CRITICAL: All step dispatch goes through agents via Bash.
Never use any sub-agent spawning or delegation mechanism outside this
repo's agents dispatch and task-submission system — external spawning
causes "sibling" errors and reliability issues. The agent runner automatically unsets
CLAUDECODE so sibling Claude sessions can launch.

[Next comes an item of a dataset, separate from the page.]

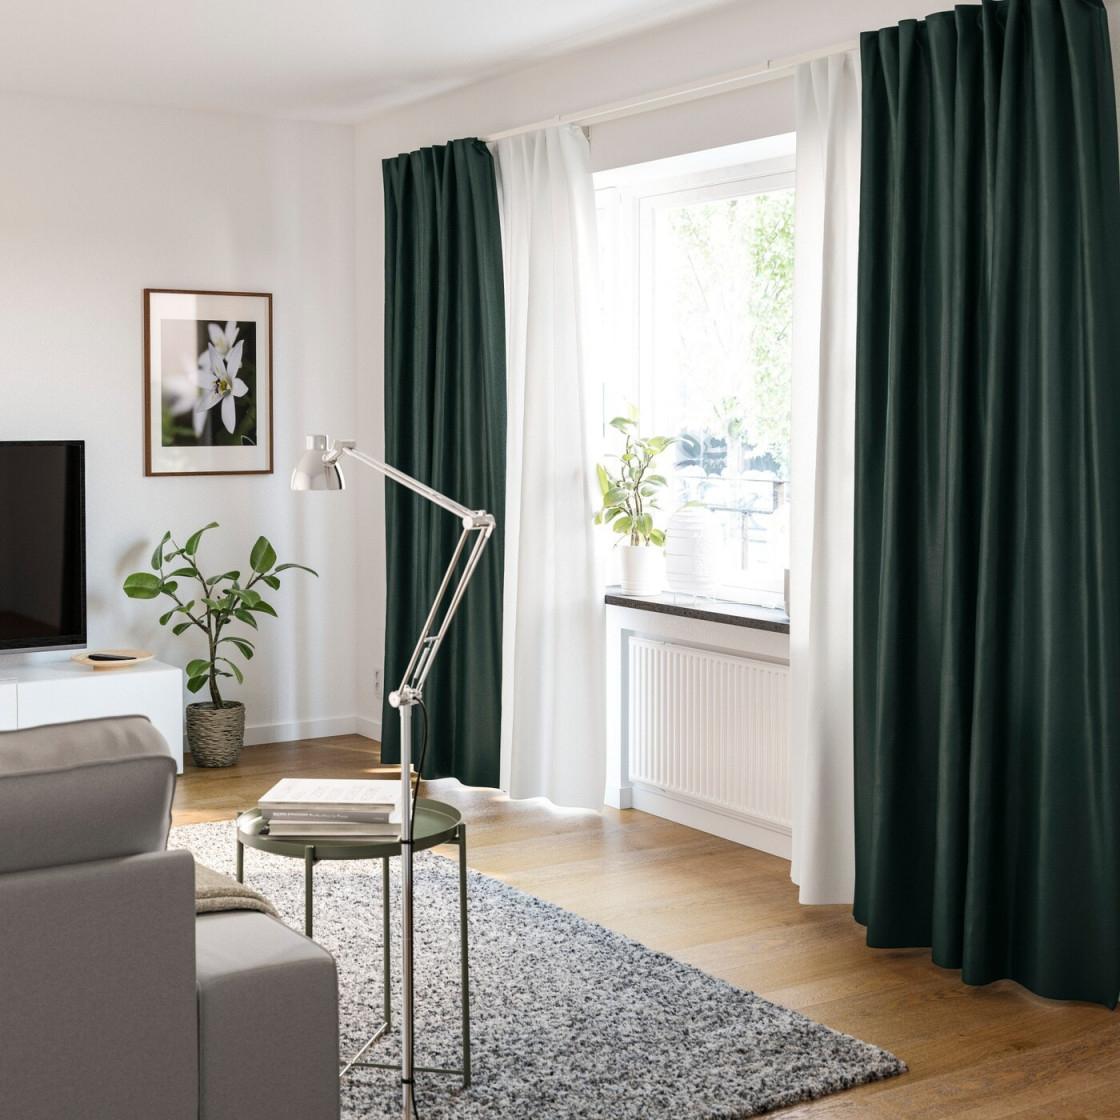 Gardinenideen Inspirationen Für Dein Zuhause  Ikea von Gardinen Wohnzimmer Grün Photo
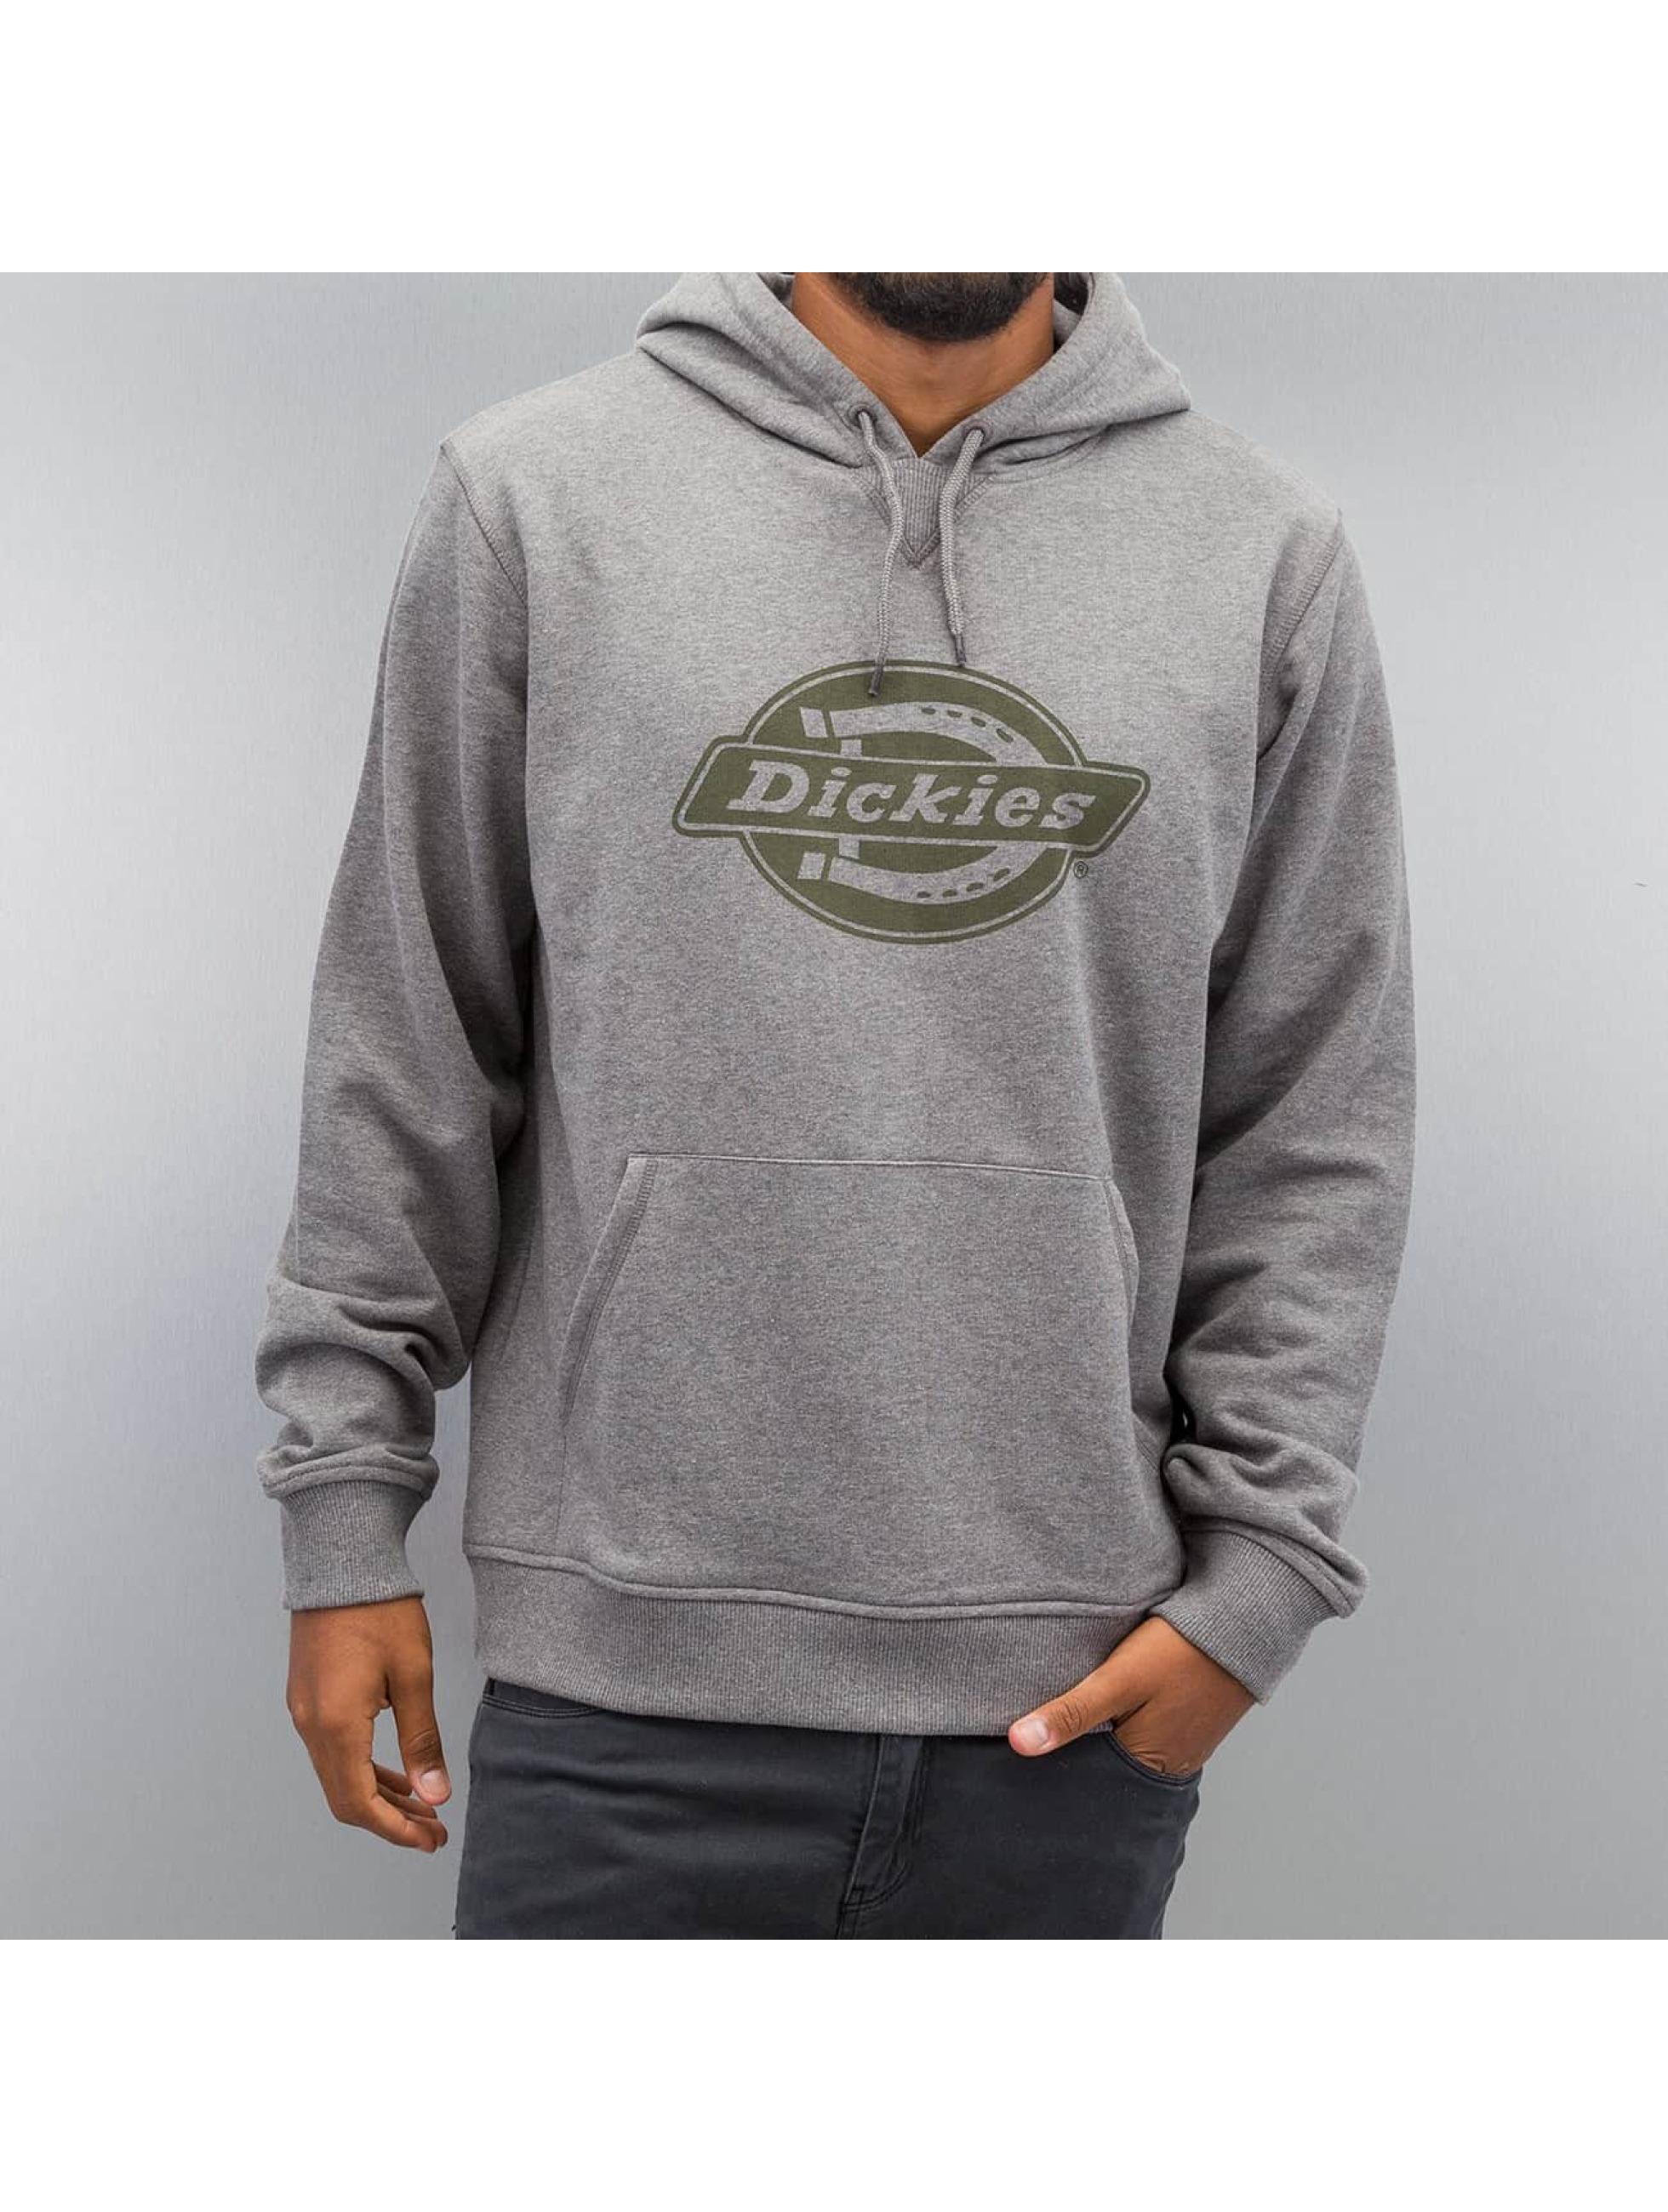 Dickies Hettegensre Delaware grå

# Sequential dispatch — model directly with prompt file
agents --model <model> --file <planspace>/artifacts/step-N-prompt.md \
  > <planspace>/artifacts/step-N-output.md 2>&1

# Agent file dispatch — agent instructions prepended to prompt
agents --agent-file "$WORKFLOW_HOME/proposal/agents/alignment-judge.md" \
  --file <planspace>/artifacts/alignment-prompt.md

# Parallel dispatch with db.sh coordination
(agents --model gpt-high --file <prompt-A.md> && \
  bash "$WORKFLOW_HOME/scripts/db.sh" send <planspace>/run.db orchestrator "done:block-A") &
(agents --model gpt-high --file <prompt-B.md> && \
  bash "$WORKFLOW_HOME/scripts/db.sh" send <planspace>/run.db orchestrator "done:block-B") &
bash "$WORKFLOW_HOME/scripts/db.sh" recv <planspace>/run.db orchestrator
bash "$WORKFLOW_HOME/scripts/db.sh" recv <planspace>/run.db orchestrator

# Codemap exploration dispatch (Opus explores the codespace)
agents --model claude-opus --project <codespace> \
  --file <planspace>/artifacts/scan-logs/codemap-prompt.md \
  > <planspace>/artifacts/codemap.md 2>&1

Note: The examples above show script-level dispatch — the orchestrator
launching step agents. Nested strategic work within step agents (e.g.,
exploration during integration proposals) uses task submission: agents write
structured task-request files, and the dispatcher resolves agent file + model.
See implement.md Stage 4-5 for task submission details.

Schedule Templates

Pre-built schedules in $WORKFLOW_HOME/templates/. Each step specifies its model:

[wait] 1. step-name | model-name -- description (skill-section-reference)
  • implement-proposal.md — full 10-step implementation pipeline
  • research-cycle.md — external research → evaluate → propose → refine (human-facing)
  • rca-cycle.md — investigate → plan fix → apply → verify

Note: In-runtime section research (blocking_research_questions) is handled
automatically through queued research_plan tasks within the section loop,
not through this external schedule template.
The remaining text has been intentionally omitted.